Train Man Short Story

This post is an example piece, copyright Danny Dourado. It is about a delusional man who cannot stand to see who he really is in the eyes of other people. Or it is about a connoisseur of fine art trapped in a self-destructive loop. Read it for yourself and see.

Photo credit: Paolo Margari / Foter.com / CC BY-NC-ND

Photo credit: Paolo Margari / Foter.com / CC BY-NC-ND

The haze was beginning to clear.

Every time I so much as tapped my nose the haze exploded outwards like a smoke bomb across my eyes, and I was enjoying doing it. My fingers were still sticky and my lips were starting to swell, begging for attention, but it was much more interesting watching the fireworks I could make.

My nose was definitely broken. I had become a Picasso and all it had taken was one swift punch to make me into a glorious piece of art. The following stream of blood had been spilt paint on my masterpiece, but I still wasn’t ready to wash it off. It flooded the trenches of my face pleasantly; a congealing war-paint.

The train rocked and the pain flared up again. I stretched out over my two empty seats and relaxed.

Had to get off at Derby, then jump trains. God knows where to, but they’d have payphones there, so I could ask. Maybe they’d have a bank too. I had nothing but cards.

The itch of the blood was beginning to bother me, so I wiped it off on my sleeve. I couldn’t remember whose leather jacket I was wearing, but I certainly didn’t mind getting it dirty. My reflection in the window told me that the worst of the blood was gone, but that there were still wasted splashes around one of my eyes. I didn’t spend long looking at that tired reflection, with that dishevelled sandy hair and those gaunt cheeks; my gaze soon fell on the glass itself, and the crack along the outside of it.

The train hissed to another halt and the passengers went through that strange dance as the momentum caught up with them, like wooden puppets that had been dropped and caught. The most awkward, and most shameful, part of every train ride was coming up. The new passengers were boarding, dazed and confused from the light of the platform, while the old ones clung to their chosen seats like limpets and tried to retreat into their shells, avoiding eye contact as best they could and spreading their luggage around to clog up space.

But the swarm of lost newborns traipsing down the train became too much, and nearly every seat was taken. I was watching the solemn parade go by with a crooked grin, trying to tease a response from any of them. Soon the entire carriage was full and there was only seconds until the train would leave. Only my seats were still available. It felt all too good to shake up the system a little.

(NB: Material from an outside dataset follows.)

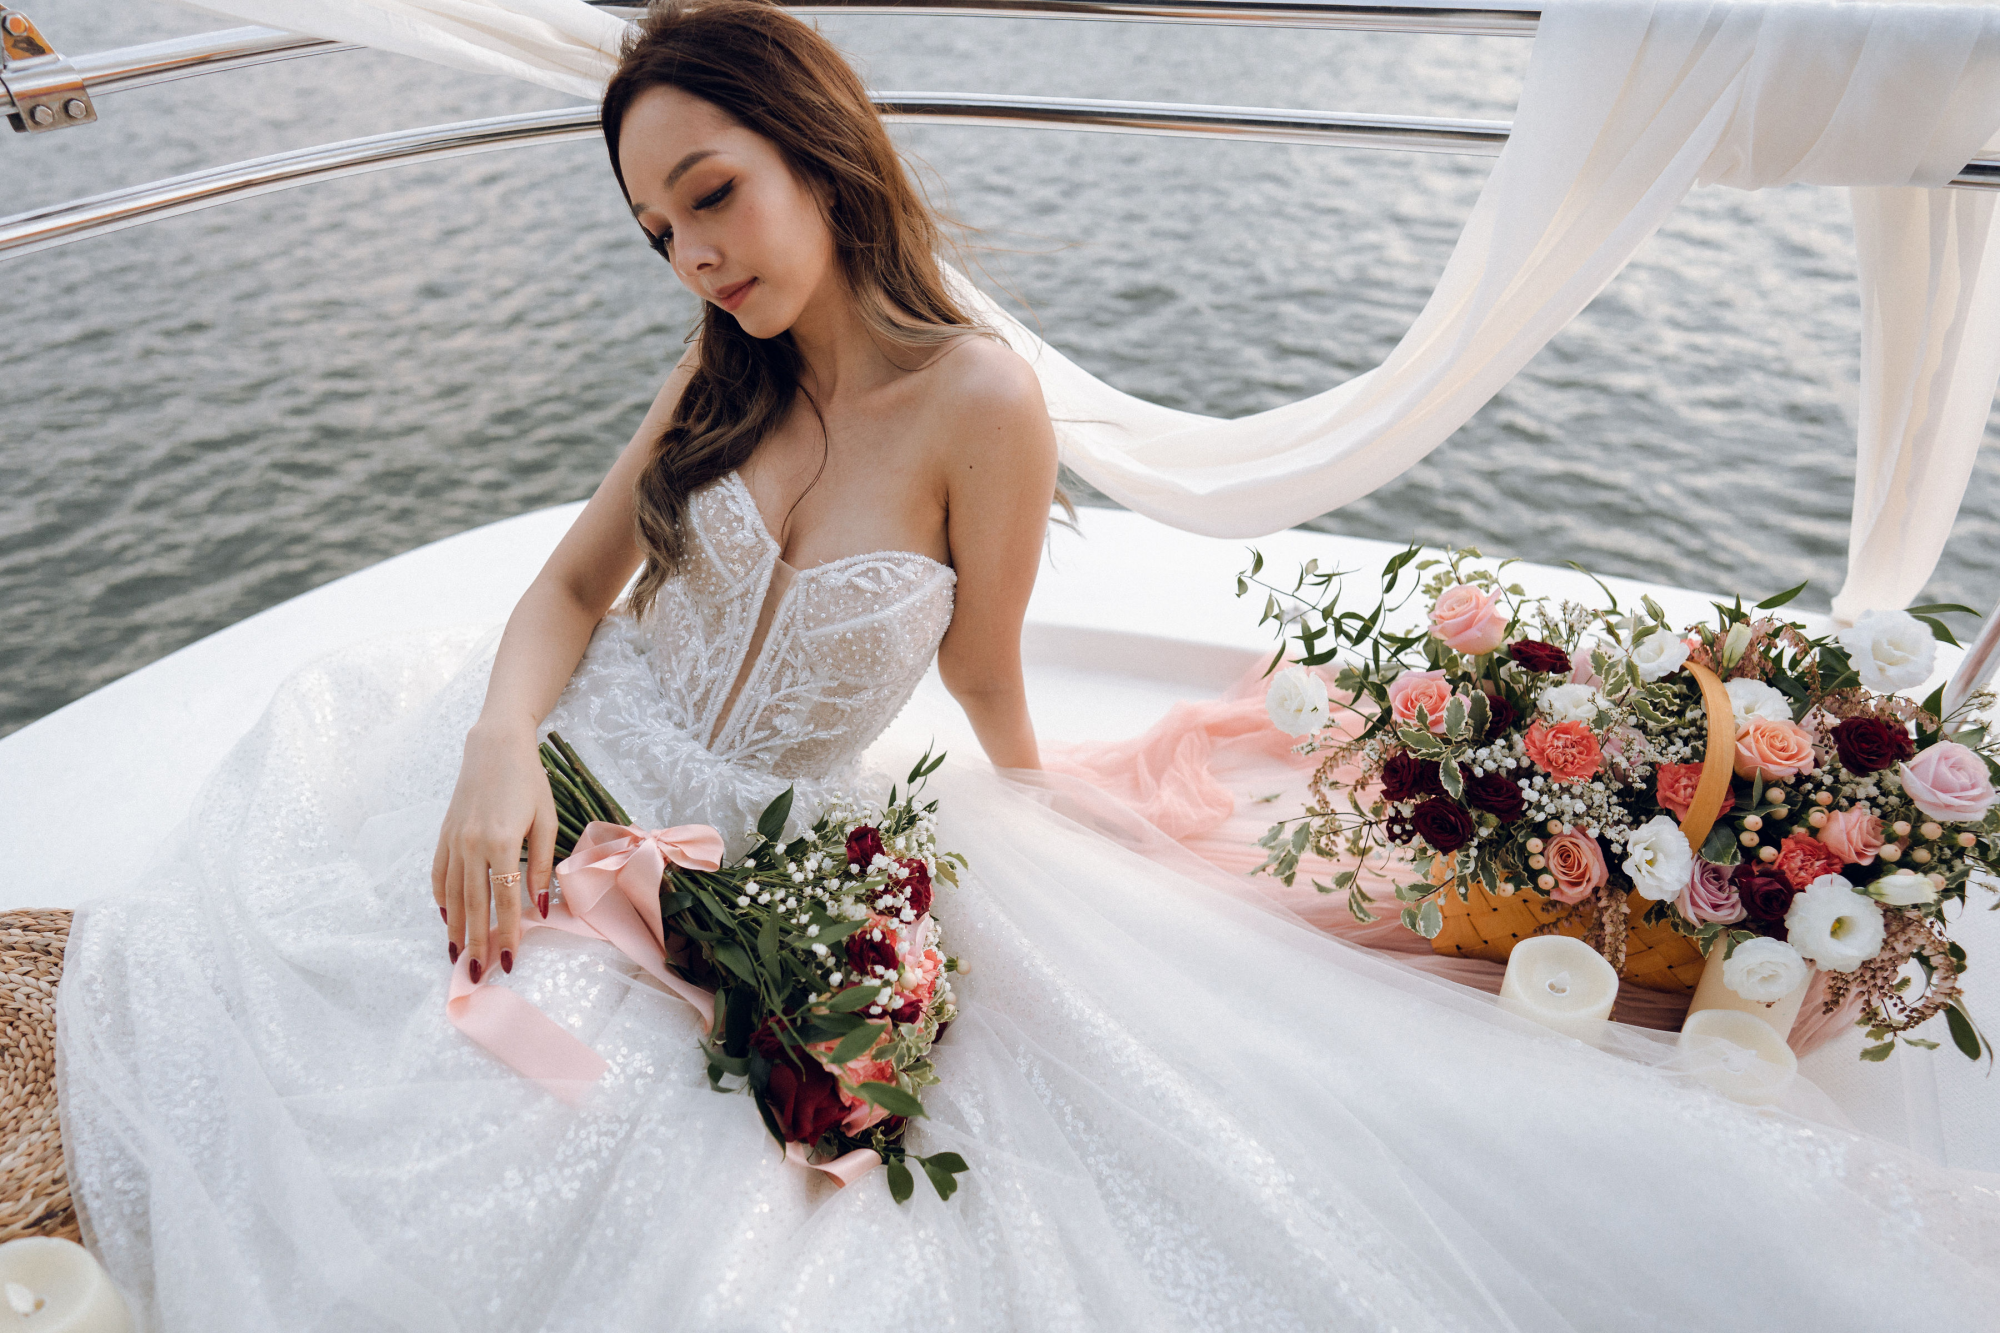 Sunset Prewedding Photoshoot On A Yacht With Romantic Floral Styling by Samantha on OneThreeOneFour 24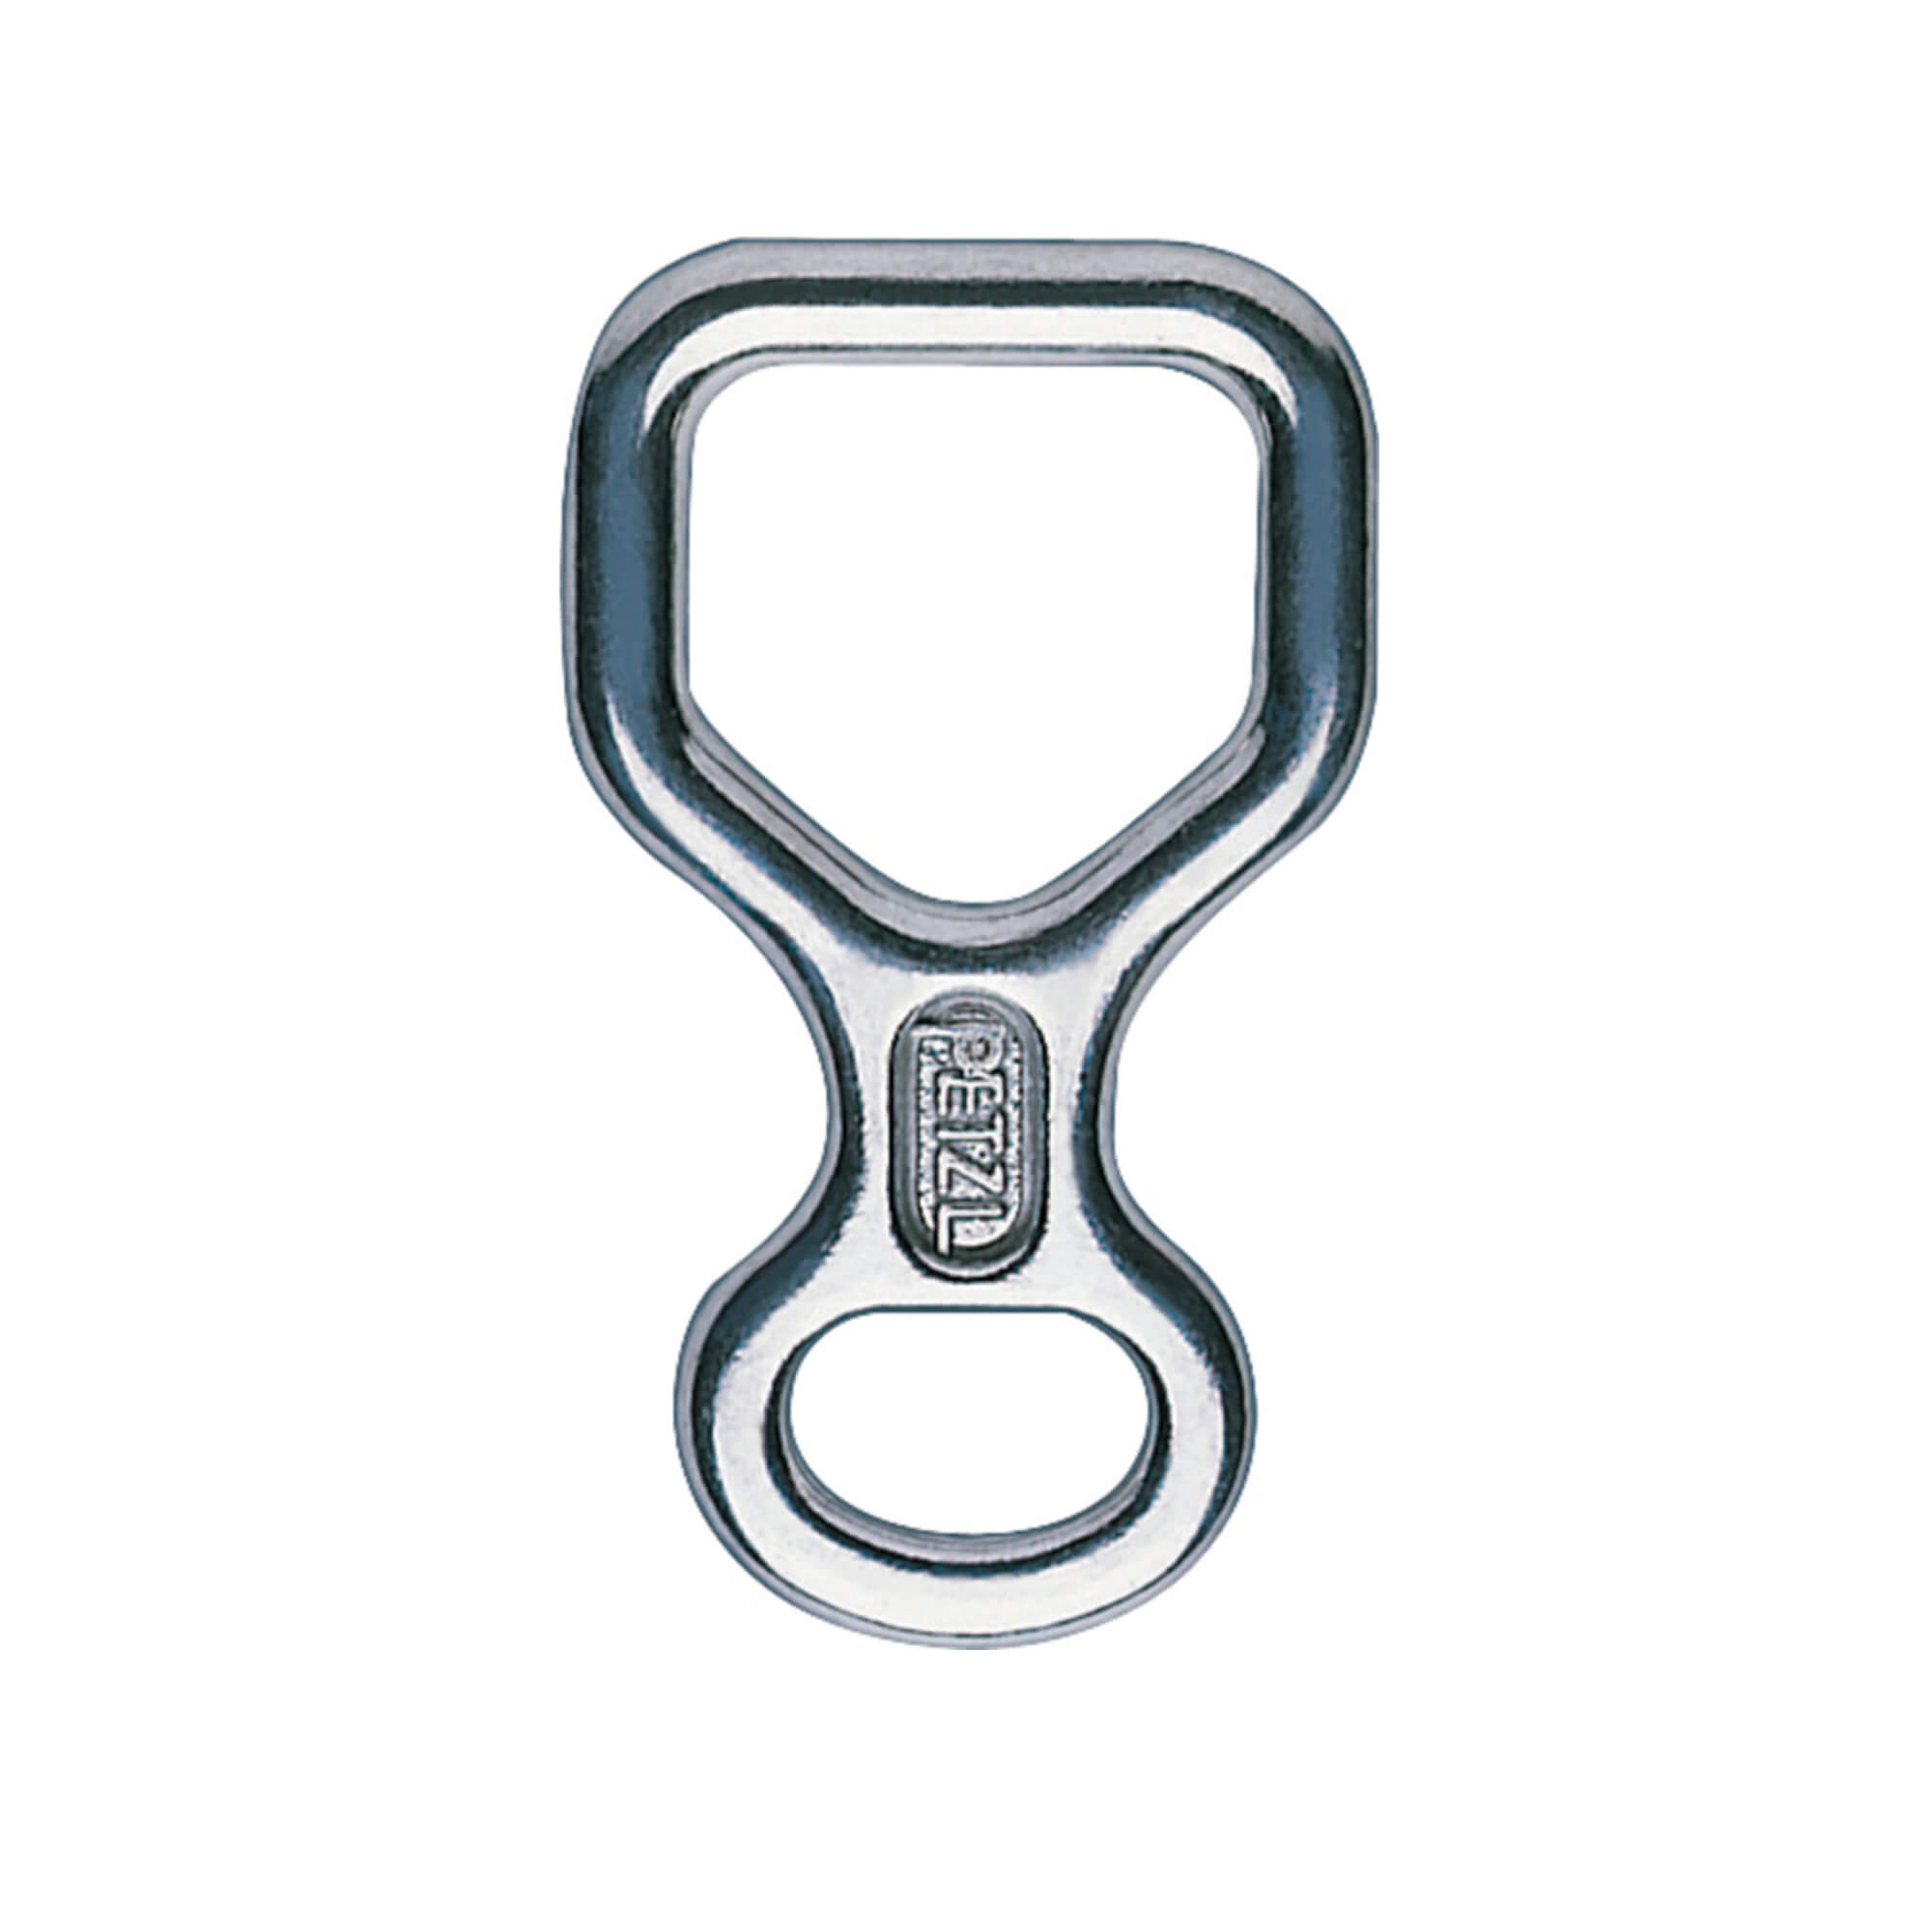 Figure Eight Descender for Climbing Rope

My unlucky co-pilot was to be a student. He had a lean and hungry look, and was pinching his cheeks in as if deep in thought. It was a good mask to wear, but one that cracked too easily. His sharp eyes widened at the sight of my seats, and for a brief second a paralysis took him in its grip.

The train had begun to crawl away from the station, leaving him with little choice. He swept up his coat around his waist and sat with all the grace of a falling statue.

I would not have paid him any attention if not for the obvious stick up his arse.

“’Scuse me,” I mumbled. His eyes widened again. They were full of expression. “What’s yer name, son?” My inebriation had not quite lifted.

“What?”

“What’s yer name?”

“Derek,” he spat.

“S’nice to meet yer, Derik.” I offered the hand that was bloodless. The way he looked at it reminded me of how deer react to being offered food. “C’mon, shake, there’s a good lad.”

He did.

“No problems, see? I thought you kids were all tough these days. I seen some right gits, some right gits, who were like, twelve, with bats ‘nd hoods ‘nd were scarin’ ol’ geezers like me back to our rabbit holes.”

I was laying on my inebriation a bit, but I felt a spark in my chest as I watched him squirm. It was mean, and I should have stopped there. “What you studyin’, Derik?”

“English Literature.” Again, the strange spitting of his words. “Shakespeare. You know, that boring lark.”

I had picked up too many things about him too quickly. The way his upper lip curled betrayed a heritage that had never stopped patting him on the back. It was the same way a proud lion prepared to roar, trying to bare its teeth at its foe, but the boy was using a posh accent instead of sharp canines.

In this snide challenge, his weapon of choice was the name of Shakespeare, one that was usually met with rolling eyes and heavy sighs. Instead of making a flash or a bang, it was simply made to perturb. I, however, was the older and more terrible lion, and I felt like shaking my own grizzled mane.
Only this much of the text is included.